In fact, Crickman went into a deep depression the day after she was diagnosed. “I hid in my bedroom for a week,” she says. “We had a gun collection that my husband had inherited from his father. And I told him to get all the guns out of the house. I said it was because the kids were getting older. But the real story is that after my diagnosis I was completely suicidal.”
Meanwhile, Crickman also kept her diagnosis from her children, afraid they’d equate a serious medical condition with that of their grandfather who’d recently died. “I didn’t want my kids to be worried all the time,” she says. But they were. Her 10-year-old son “would sneak into the room just to make sure I was breathing,” she says.

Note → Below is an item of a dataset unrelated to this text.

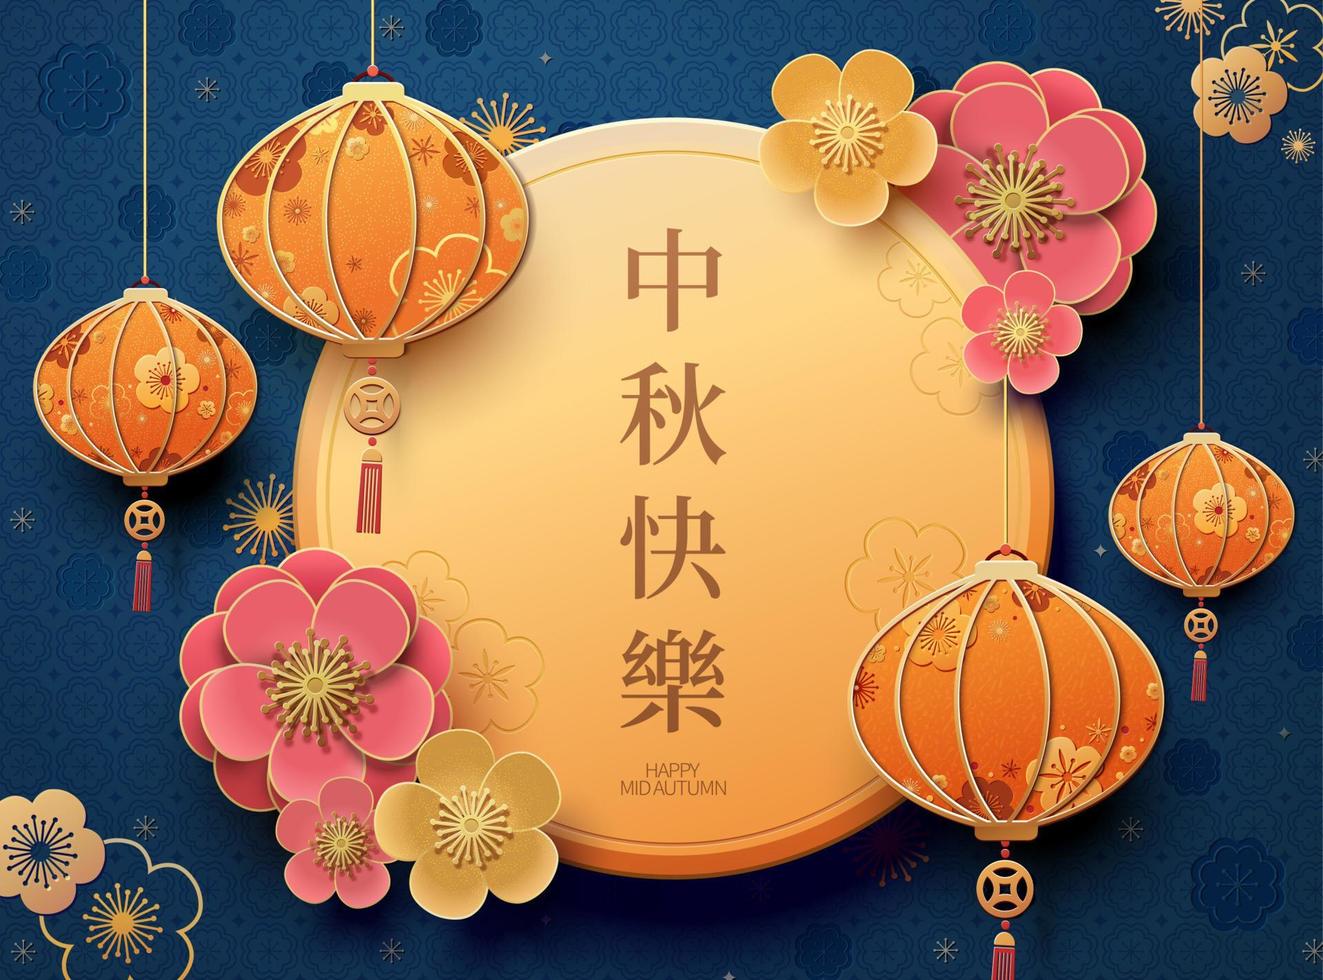 Happy Mid Autumn festival with hanging lanterns and flowers, Holiday name written in Chinese words vector

Then she and her husband started fighting constantly. “I was tired of him screaming at me about why I wasn’t doing the things I used to do. In 2005, I told him to get out. He went and lived with his mother for three weeks."
Soon after, Crickman told her husband and children she had lupus. And after a close friend died, the couple decided to reconcile. Life wasn’t an instant bed of roses, but everyone has learned to cope—“we’re doing it together,” she says.
CNN.COM: Autism's mysteries remain as numbers grow
The “it’ll hurt my career” secret
Lupus’s sudden flare-ups can make the simplest tasks herculean and render many women unable to work—and afraid to tell employers for fear they’ll lose crucial health insurance. “A company will find any way to get rid of you,” says Mary Anderson (not her real name), 27, who was diagnosed with lupus a year ago.
Anderson’s job as a manager for a laboratory in Las Vegas doesn’t place many physical stresses on her, but there are days she knows her lupus compromises her job performance. Her position requires traveling, and her meds sometimes make driving difficult, even dangerous. And, on top of bone-weary fatigue, Anderson struggles to focus amid the lupus fog. “It’s quite overcoming,” she says. “I’ve been in the middle of doing something and completely forgotten what I was supposed to do. It doesn’t happen often, but it happens enough that I wonder if I should be on disability.”
For now, Anderson is keeping her job, holding off fears that she’ll suddenly be viewed as unworthy of employment. “People start to feel sorry for you, feel you can’t do this or that,” she says. “Because I’m in the beginning of my career, I don’t want the stigma.”
Although she attends a lupus support group, Anderson guards her secret on the job. “I regret that people can’t understand what I’m going through,” she says. “I feel plowed under. But news travels, and I can’t take the risk of someone who may have power or influence over my career finding out. I have to work. I have to keep my insurance.”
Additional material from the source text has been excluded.